MIT researchers have unveiled how the idea of symmetry in datasets can help reduce the amount of data needed for training models. The research from MIT Ph.D. student Behrooz Tahmasebi and his advisor Stefanie Jegelka, is based on a mathematical understanding derived from Weyl’s law, a century-old law originally developed to measure spectral information complexity.
Studying differential equations, Tahmasebi realized the potential of Weyl’s law to simplify data input into machine learning. By recognizing symmetries in a dataset, a machine learning model could be made more efficient with less numerical data.
Their research indicates that by exploiting symmetries in datasets, machine learning tasks can be simplified, thereby reducing the need for vast amounts of training data. This works because, if a model understands that an image remains the same regardless of whether it is rotated or mirrored, it can learn more effectively. This understanding allows the model to make better use of its data and lessen the need for large amounts of data to achieve accurate results.
The study also delves into Kernel Ridge Regression (KRR) invariances that include symmetric transformations and other data properties that remain the same under certain operations. Tahmasebi reveals that this is the first-time Weyl’s law has been employed to ascertain how machine learning can be improved through symmetry.
This development is particularly important in sectors like computational chemistry and cosmology where high-quality data is scarce. For example, in cosmology, you might only find a small amount of useful data amidst a vast collection of irrelevant information. In such cases, symmetry can be a useful tool.
Soledad Villar, an applied mathematician at Johns Hopkins University, acknowledged this study’s implication that models, which conform to the symmetries of the problem, can provide more accurate prediction using very limited training points.
The researchers identified two types of improvements from utilizing symmetries. One is a linear improvement that correlates with the symmetry and an exponential gain which provides a disproportionately large benefit when dealing with multidimensional symmetries.

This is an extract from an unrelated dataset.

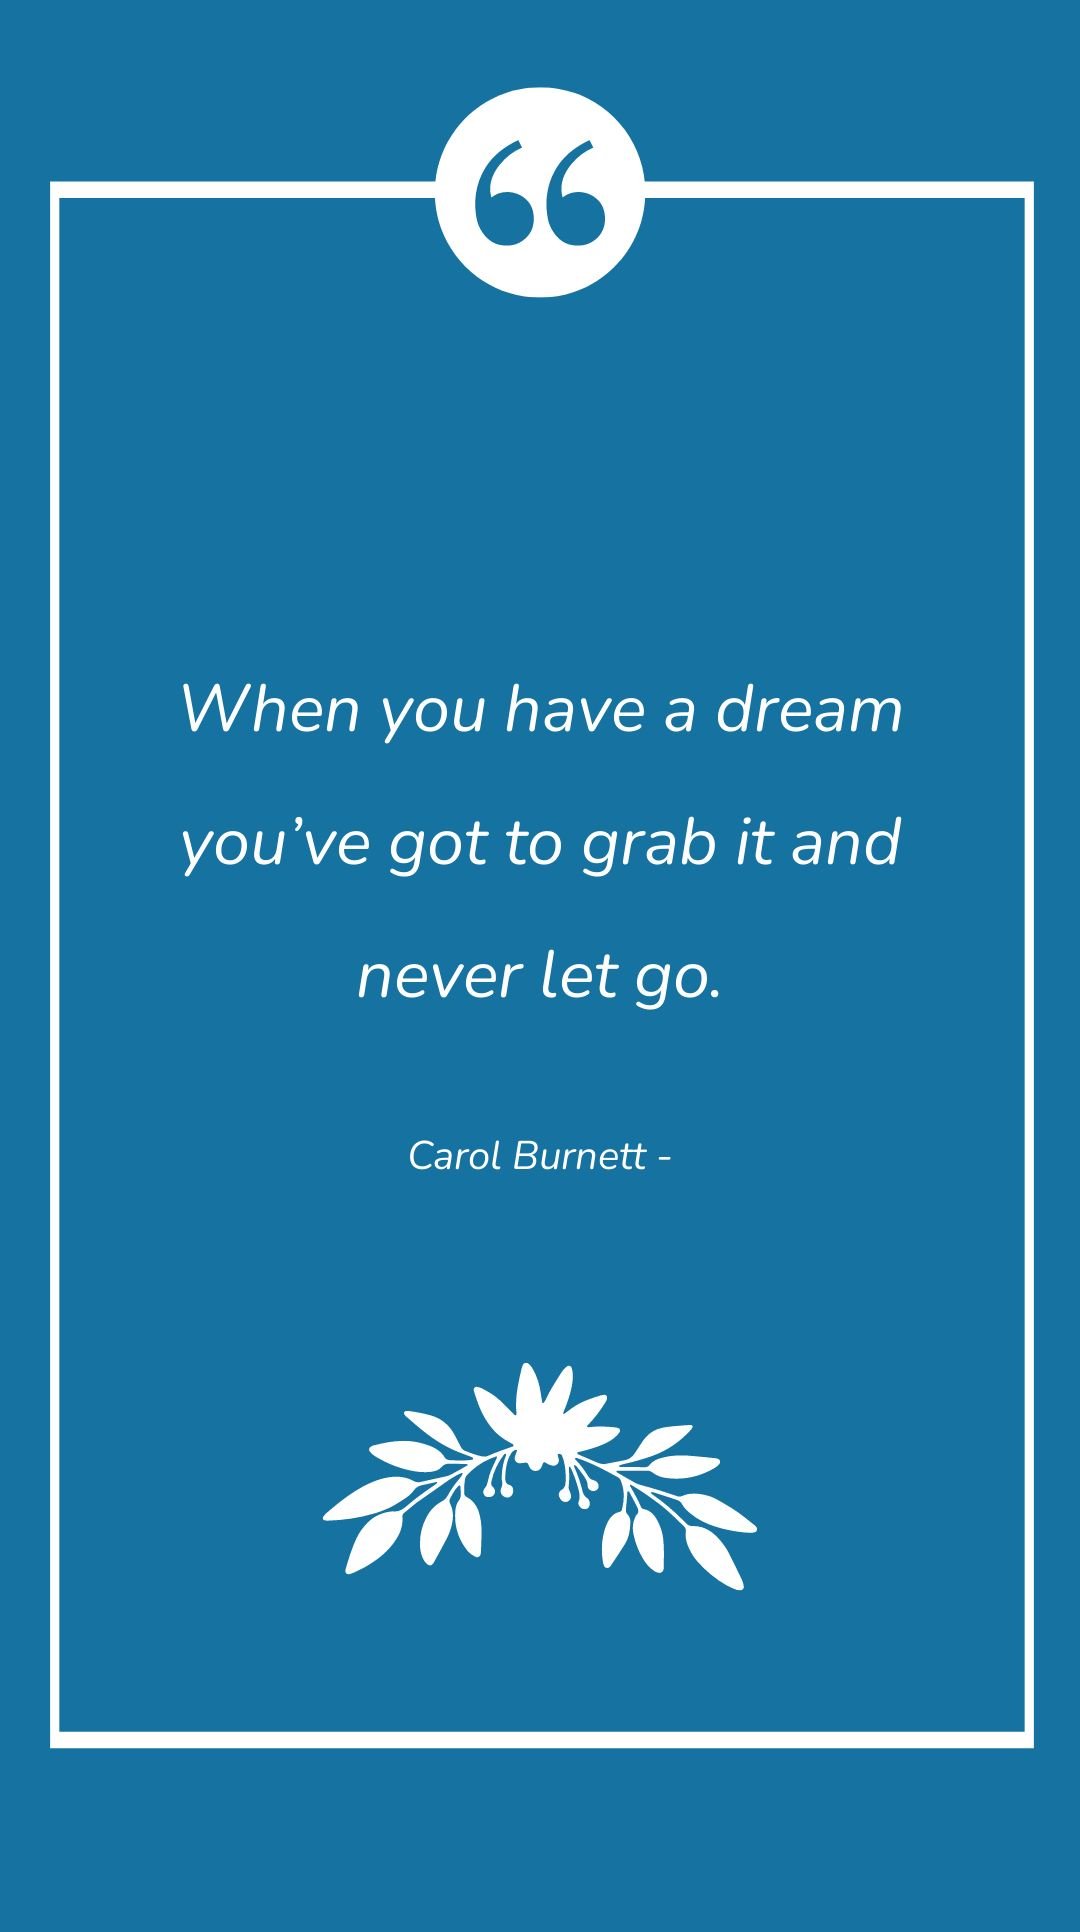 Carol Burnett - When you have a dream you’ve got to grab it and never let go.

Tahmasebi and Jegelka found that machine learning models can learn as if they have more data when they recognize patterns or symmetries. Therefore, models can learn more from less, enhancing their efficiency. Additionally, these symmetries simplify the learning task by enabling the model to disregard irrelevant changes (like object position or orientation), thereby speeding up the learning process and improving performance.
The potential impacts of this research are substantial, specifically in computational chemistry, where these principles could speed up drug discovery processes. By recognizing symmetries in molecular structures, machine learning models can predict interactions and properties using fewer data points. Notably, this approach could also help analyze cosmic phenomena by enabling scientists to uncover more insights from limited data.